→ WHAT IS REQUIRED: Output the listing below verbatim, without images.

→ SUPPLIED MATERIAL:

►

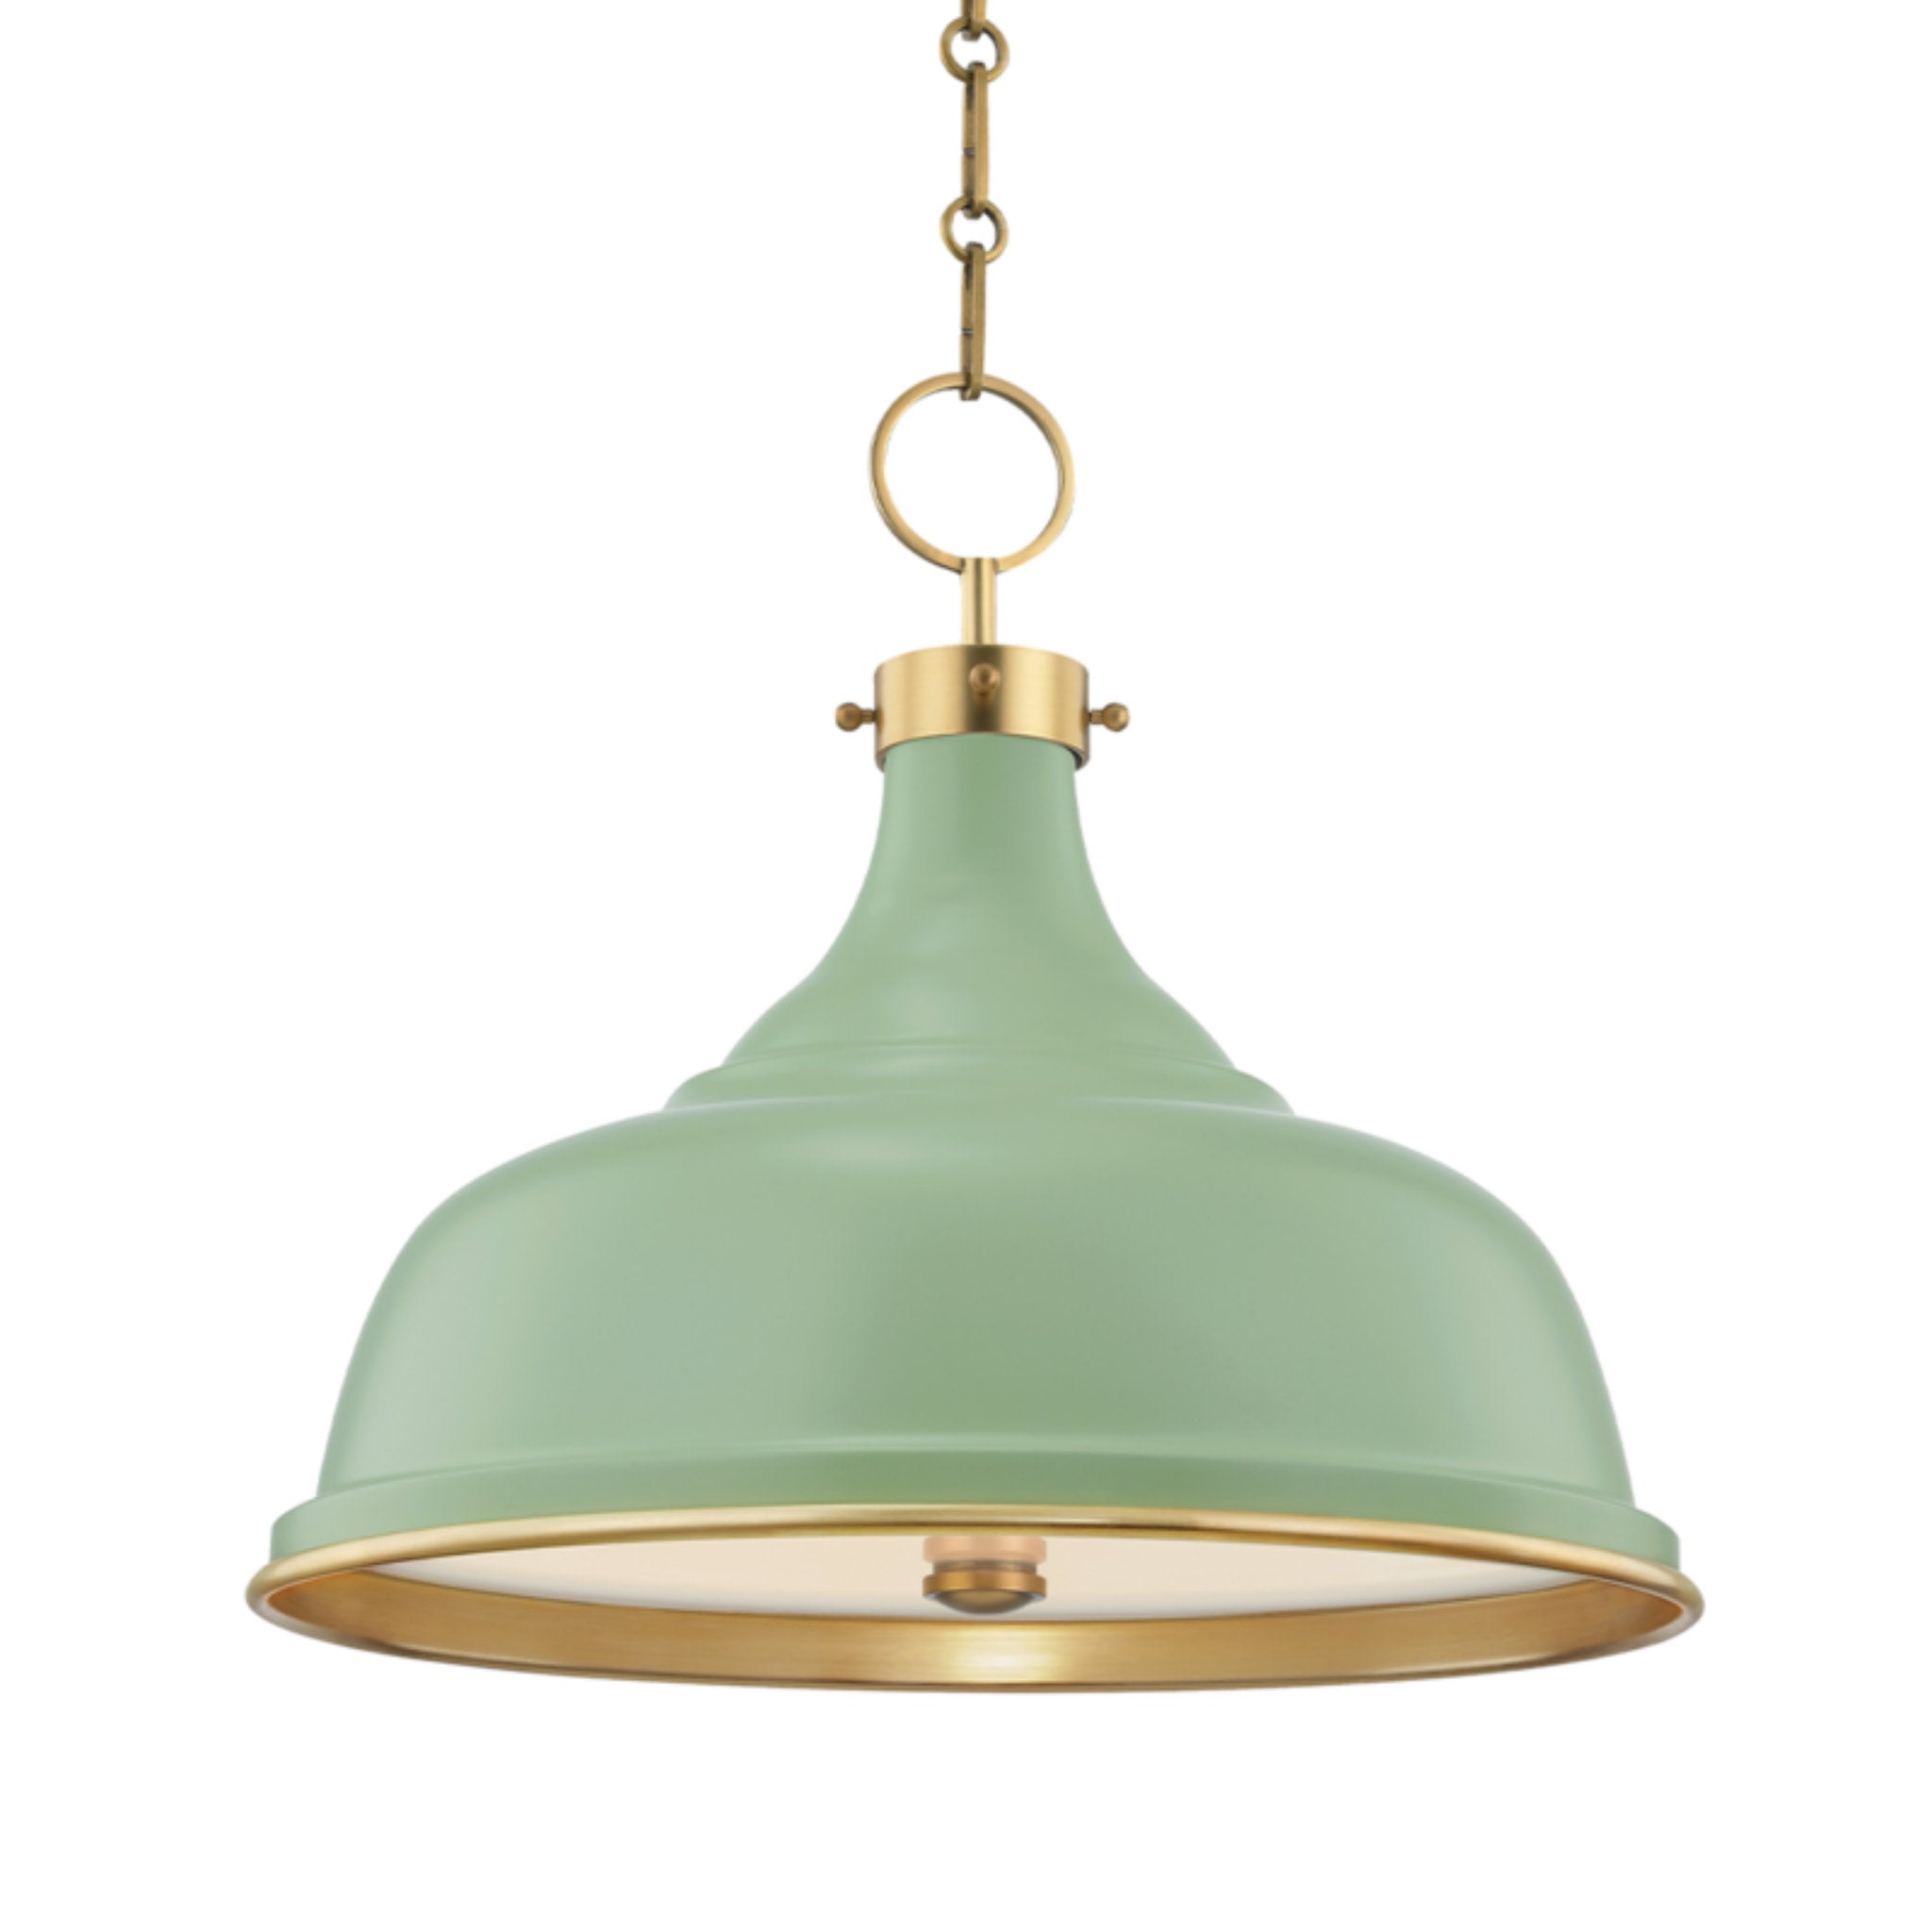 Painted No.1 3 Light Pendant in Aged Brass/leaf Green Combo by Mark D. Sikes
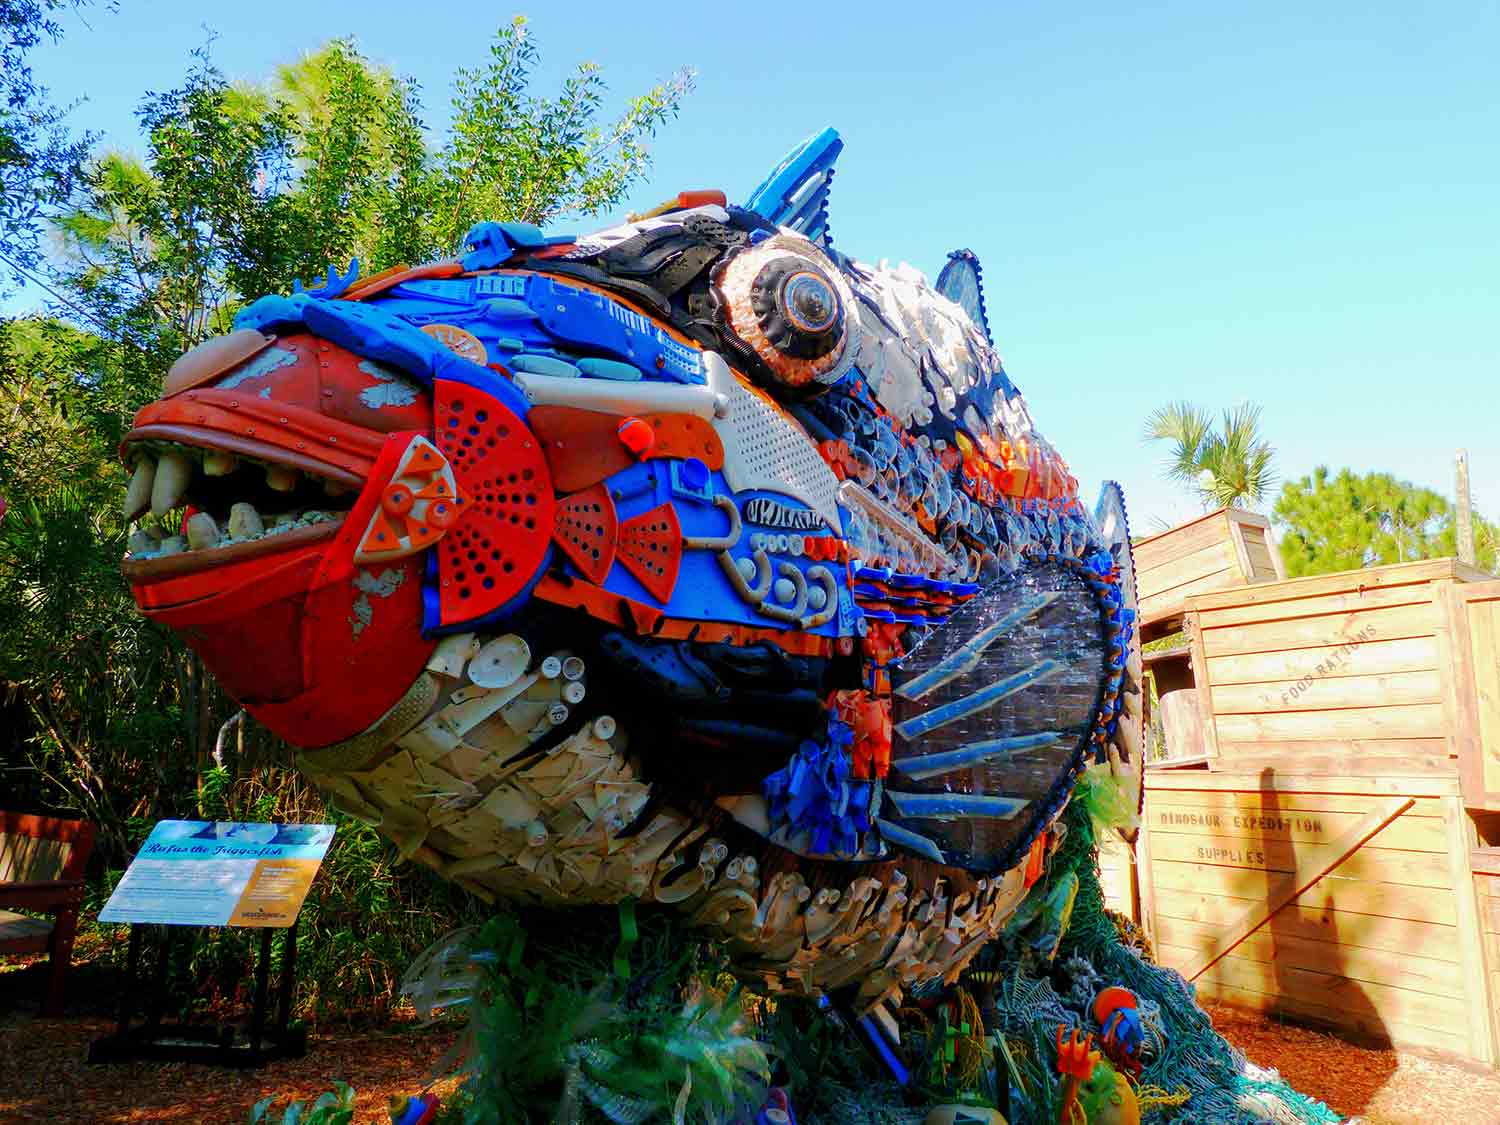 A large multicolored sculpture of a fish made from plastic
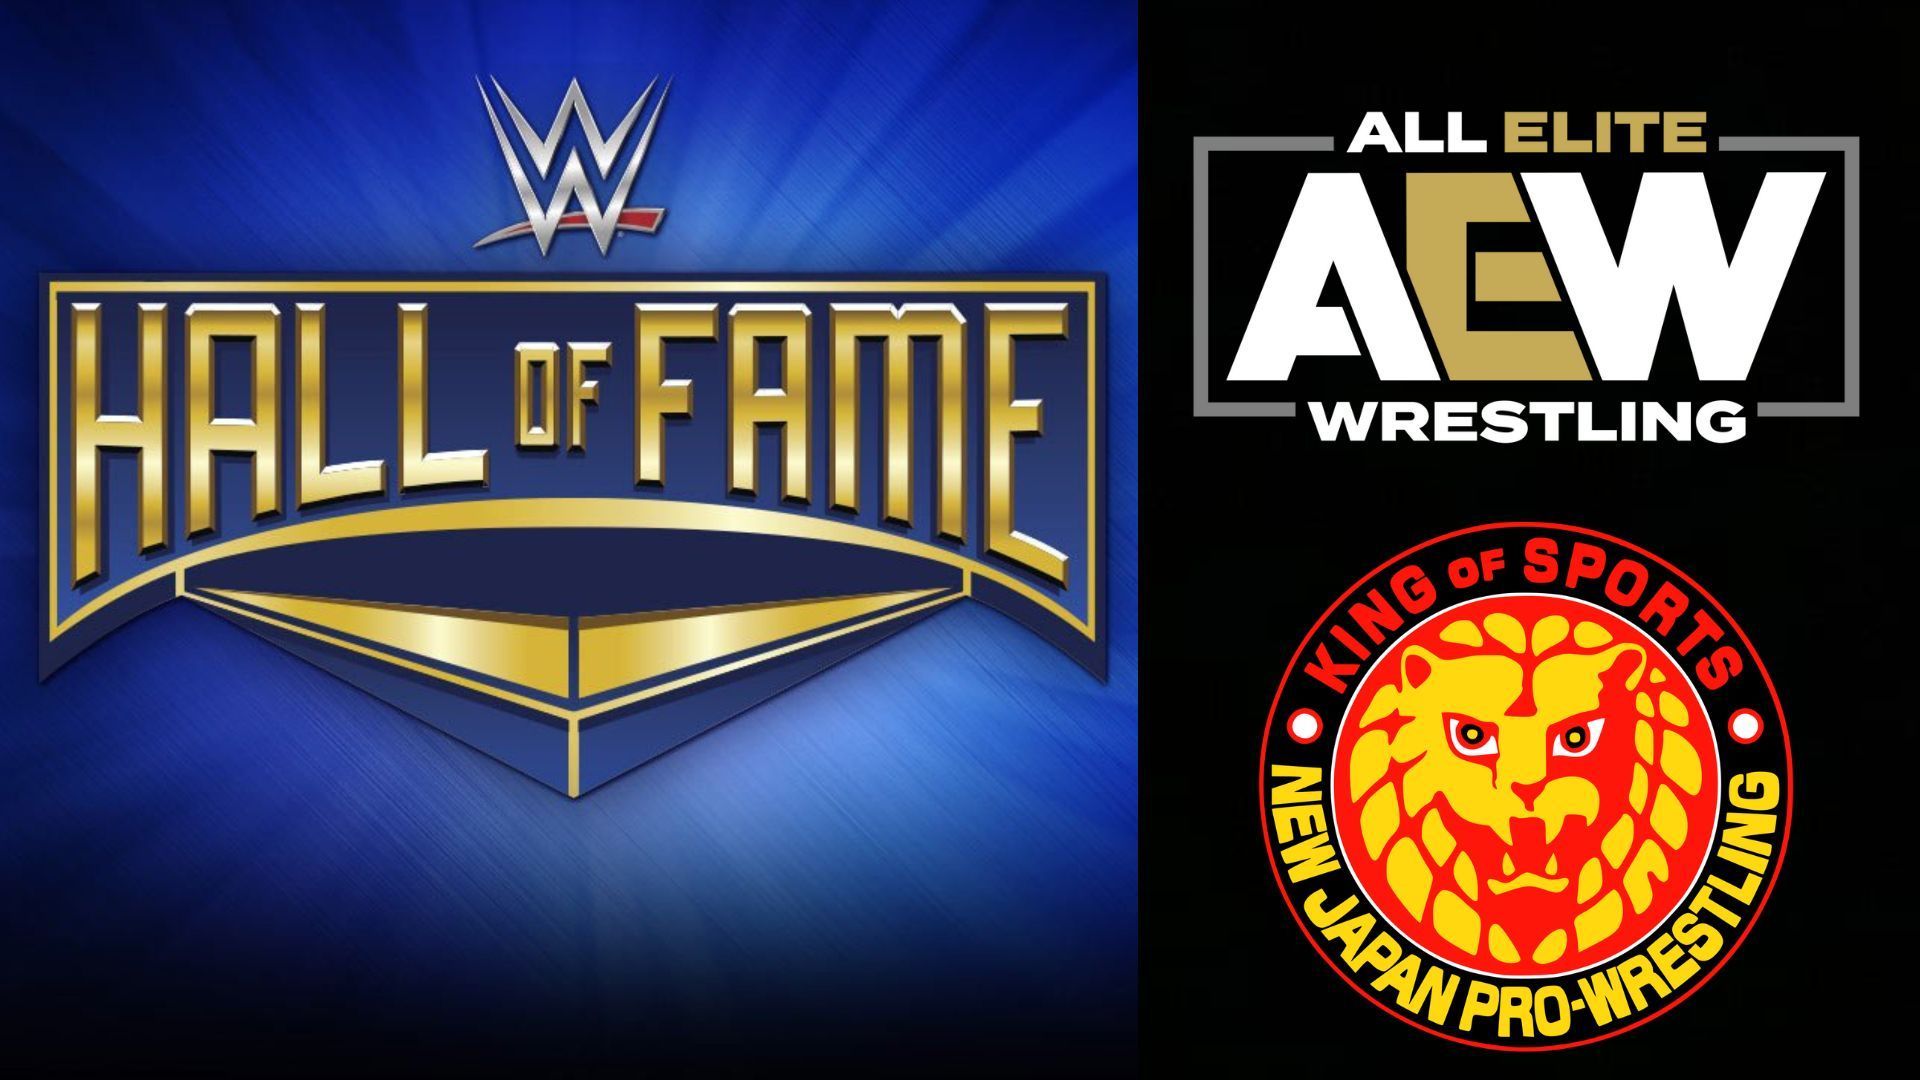 Outside WWE wrestler rumored to be inducted to the Hall of Fame 2023

◄

→ ANSWER:
 Painted No.1 3 Light Pendant in Aged Brass/leaf Green Combo by Mark D. Sikes
 A large multicolored sculpture of a fish made from plastic
 Outside WWE wrestler rumored to be inducted to the Hall of Fame 2023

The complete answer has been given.